Are there lessons to learn from this election? Emphasizing the limitations of a forecast with thin polling data is an important thing to do, and I tried to do that in my final projection. Perhaps in the future it would be a better idea to do away with precise projections when the data is thin in order not to give the illusion of certainty. In small provinces, that may be the way to go.


  1. Forum seriously needs to stop with this one day poll nonsense. Some times the Magic 8 Ball is right, but far too often it's WAY off, and if you can't rely on it, it's not very useful.

  2. I do think there's an ongoing challenge for your model with for these minor parties though Eric. I'm not sure that you can predict a breakthrough like what the Greens had, or the near breakthrough the PA had, but it's happened frequently enough that I think there needs to be more consideration there.

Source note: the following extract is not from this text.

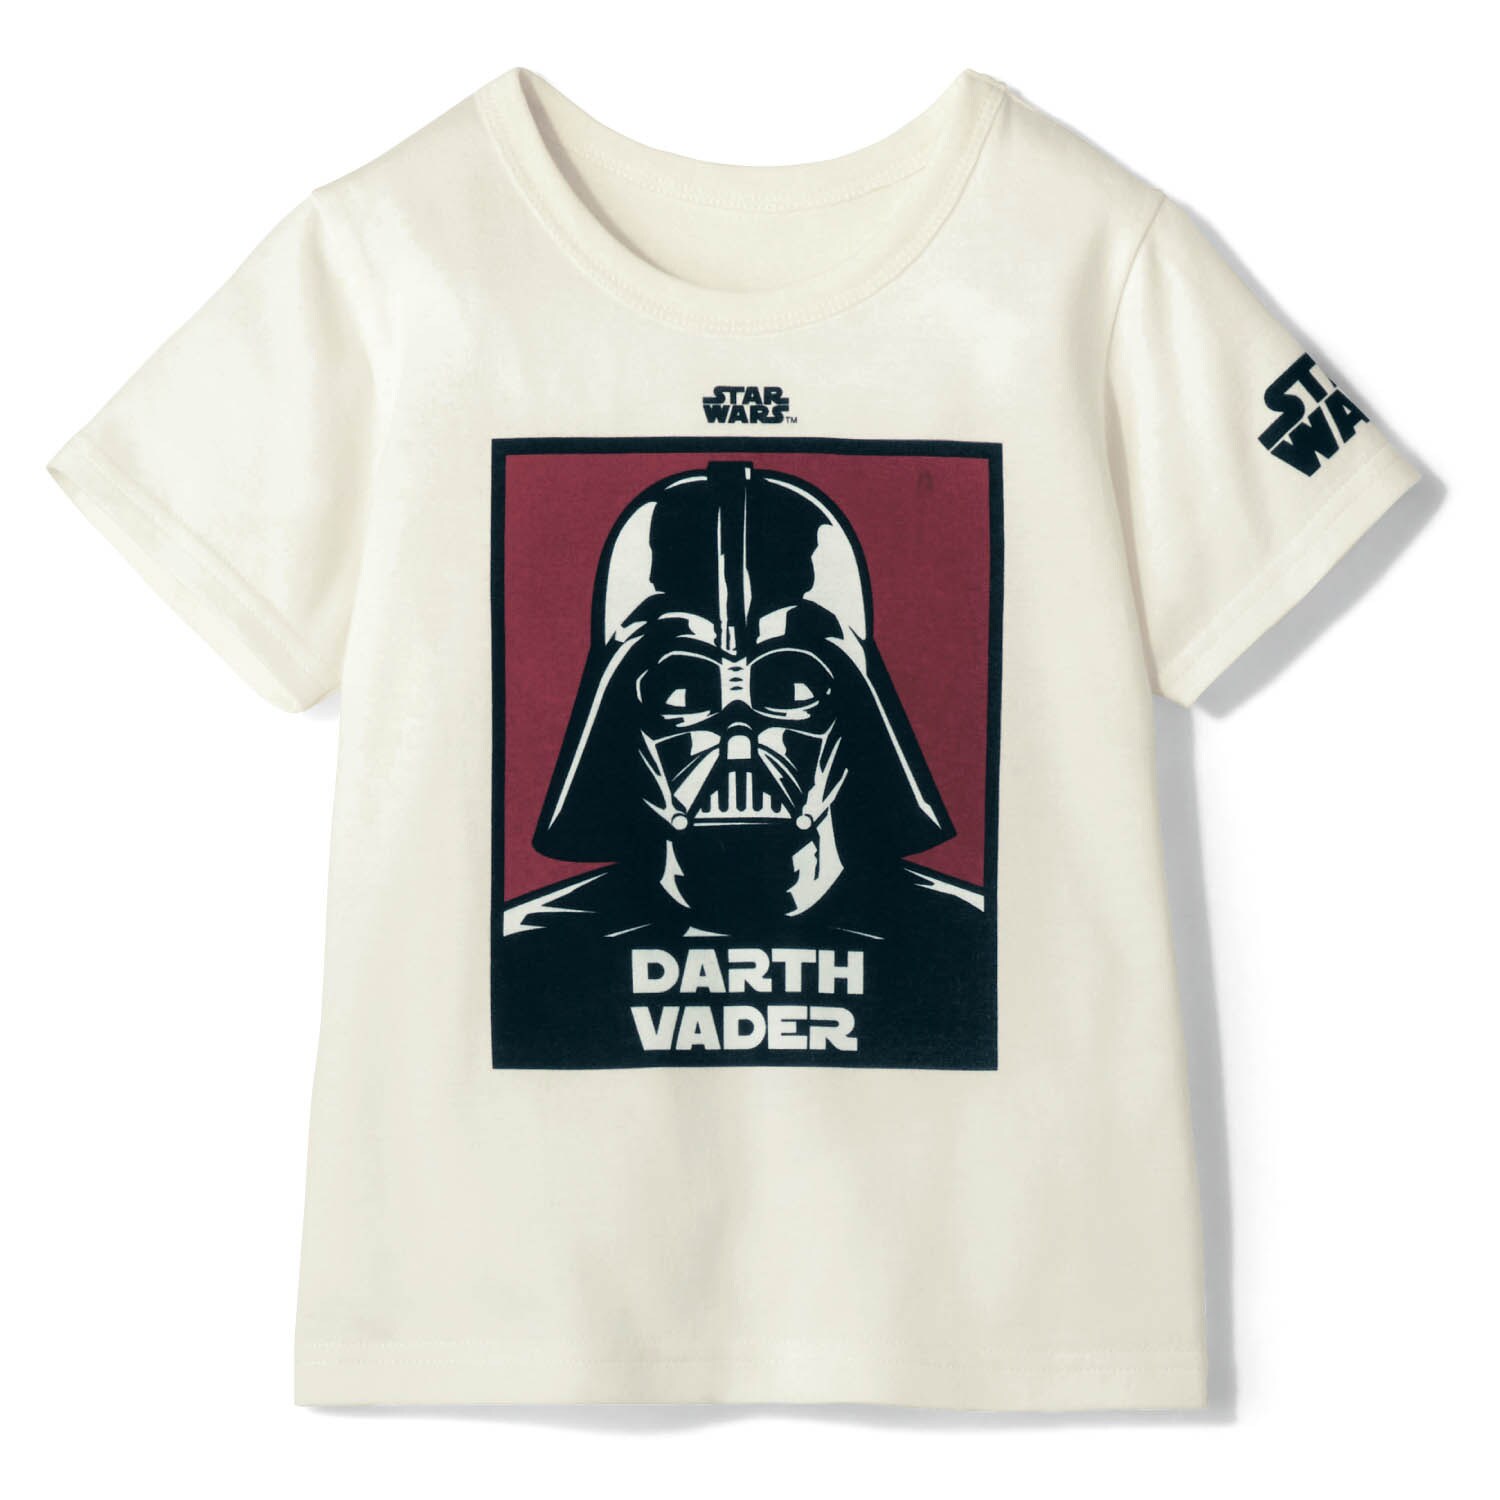 Star Wars inspired size7 kids shirt Abbey road Kleding Unisex kinderkleding Tops & T-shirts Overhemden en buttondowns

  3. I happened to be polled by Forum on Sunday. I noticed that the poll asked how likely I was to vote, but the results of that question were not published with the other results. Instead, decided and leaning were lumped together without seeming to break out the numbers who were leaning but unlikely to vote (maybe this is standard practice?). Overall voter turnout was lower this year (65%) compared to 2010 (69%), so I'm wondering if Forum overestimated PC support because many respondents who indicated they were leaning PC actually stayed home on election day?
    Matt Letson

  4. Did any pollster or seat projection site predict a win for the Green Leader in Fredericton South?

  5. And now a Nanos Poll for CTV has Tory at 49%, Ford at 27% and Chow at 25%

  6. Once again Earl Washburn is a being a jerk in the aftermath the result because his model performed 1 seat better!

  7. The Coon win in Fredericton South was not a huge surprise for many in the riding. Internal polling had the race as a contest between him and Craig Leonard, Minister for Energy -- not a title you want in a downtown/university riding in the middle of the fiasco that was the PC's shale gas policy. Add to this that Coon is well known and liked, and the high vote share captured by third parties and independents (showing a dissatisfaction with the main two parties) and it wasn't exactly expected, but it was possible.

    Of course, the model can't really take any of these riding-specific factors into account (except incumbency, which generally I believe works in the incumbents' favour -- this riding was sort of a special scenario). So based purely on the polls, it was more surprising.